Thread
Are you still deploying uncompressed ML models in 2023?

STOP.

Apply Gradual Magnitude Pruning (GMP), the current KING in ML model pruning, to reduce the size of large models by 20X without loss of accuracy.

Here's how to apply GMP in 5 steps.
--A Thread--
๐Ÿงต
Step 1: Train a network

Start by training a network in the normal way.
Step 2: Stabilize the model

Stabilization is done by retraining the network at a high learning rate, enabling the process to converge to a stable point before pruning starts.

A learning rate that's too high can cause the model to diverge or fail to train during pruning.
Step 3: Start pruning

At the start of epoch 1, set the sparsity for all layers to be pruned to 5%.

Epoch values and sparsity will vary based on the model's training process.

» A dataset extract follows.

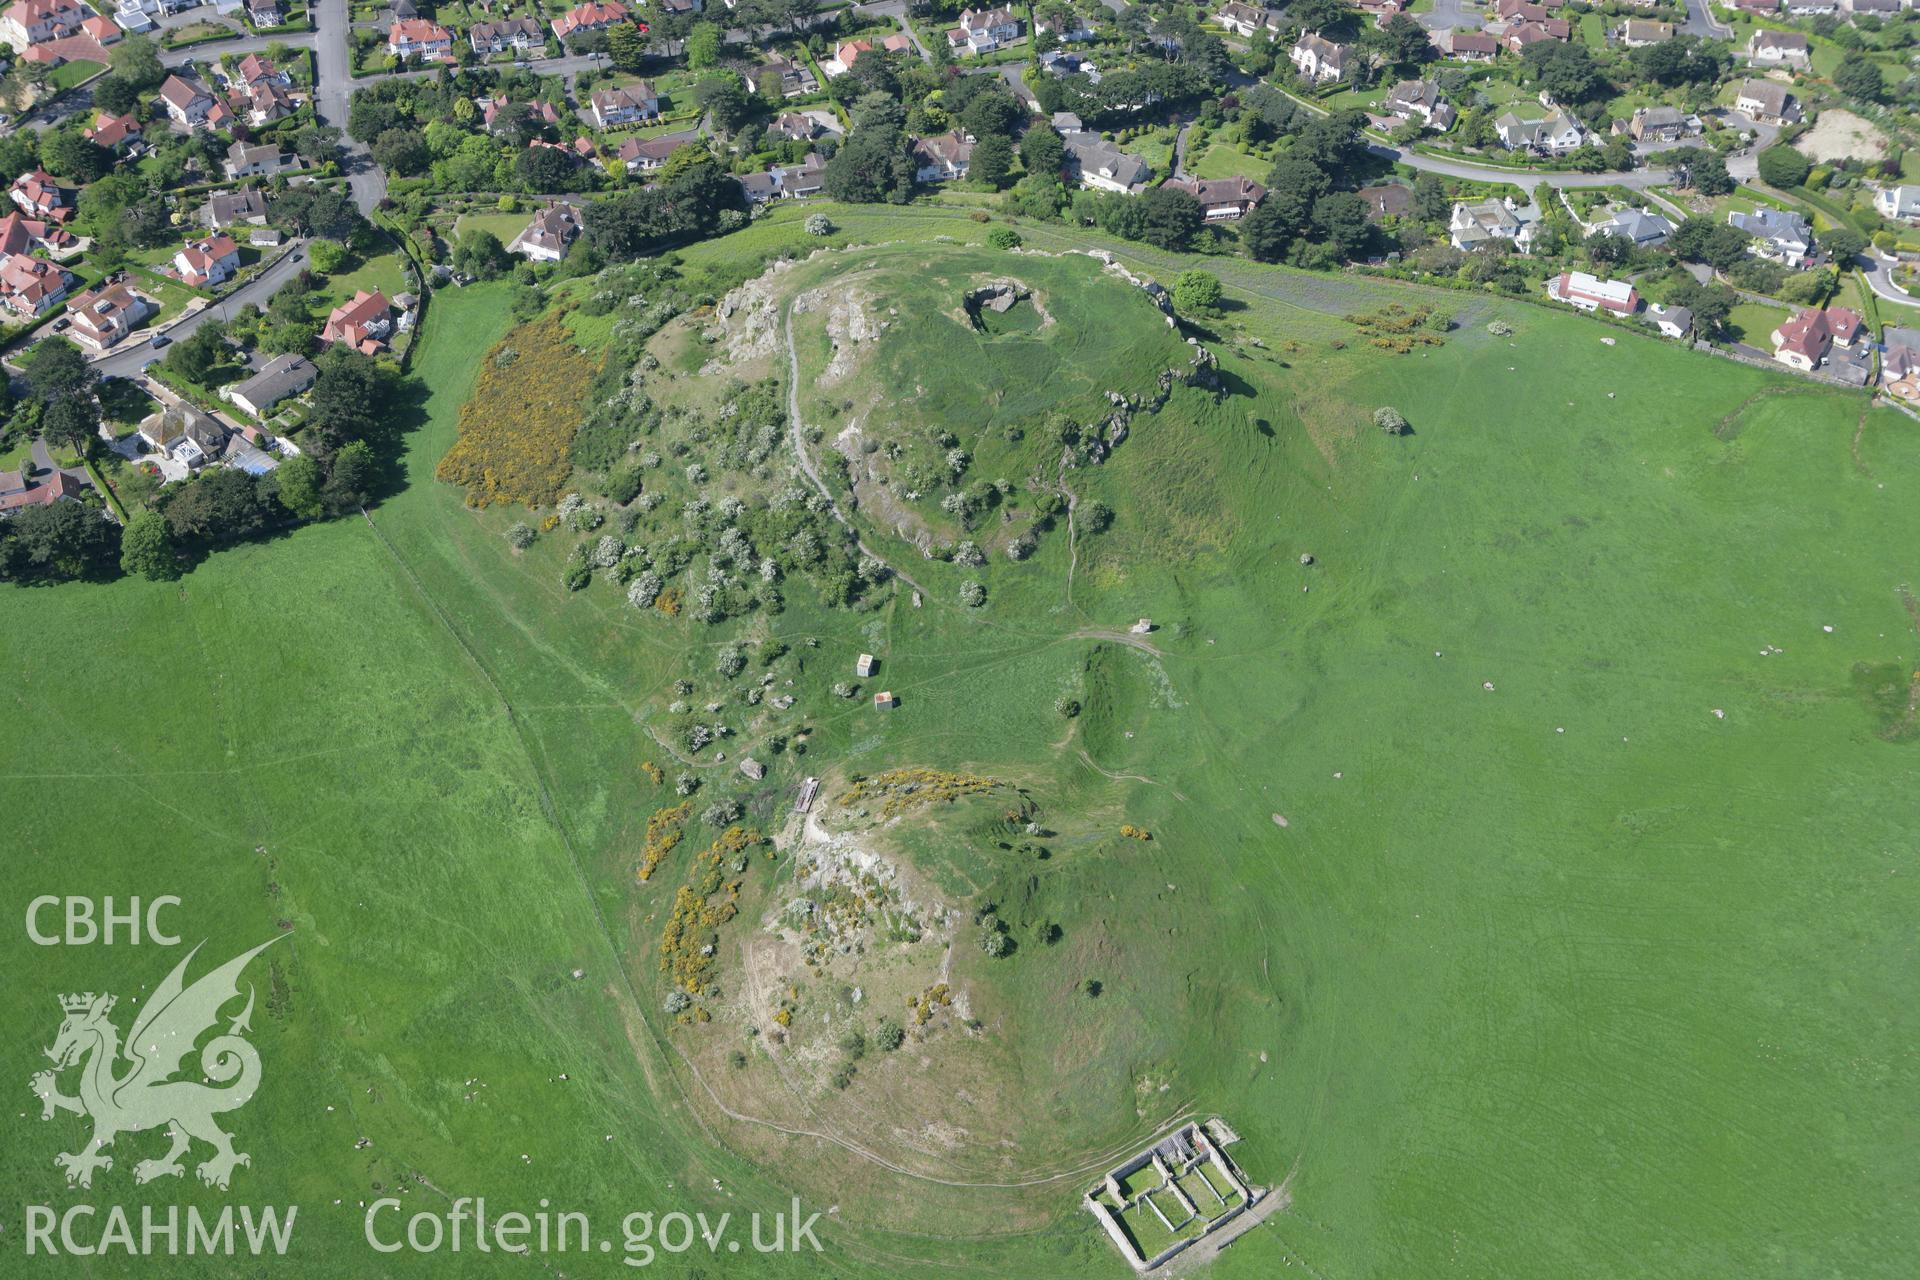 RCAHMW colour oblique photograph of Deganwy Castle. Taken by Toby Driver on 03/05/2011.

Pruning should be done for a third to half of the training time.
Step 4: Remove weights iteratively

Iteratively set the weights closest to zero to 0 once per epoch until 90% sparsity is reached at epoch 35.

Why not prune all the weights at once?

Pruning in steps enables the network to regularize and adjust weights to reconverge.
Step 5: Hold sparsity constant

Hold the sparsity constant at 90%, continue training, and reduce the learning rate until epoch 60 to ensure the model recovers from any loss suffered during the pruning process.

Fine-tuning is done for less than one-fourth of the training time.
You can implement GMP from scratch, or you can try pruning your model with SparseML.

SparseML uses GMP and a host of other state-of-the-art pruning and quantization techniques to compress the model without loss of accuracy.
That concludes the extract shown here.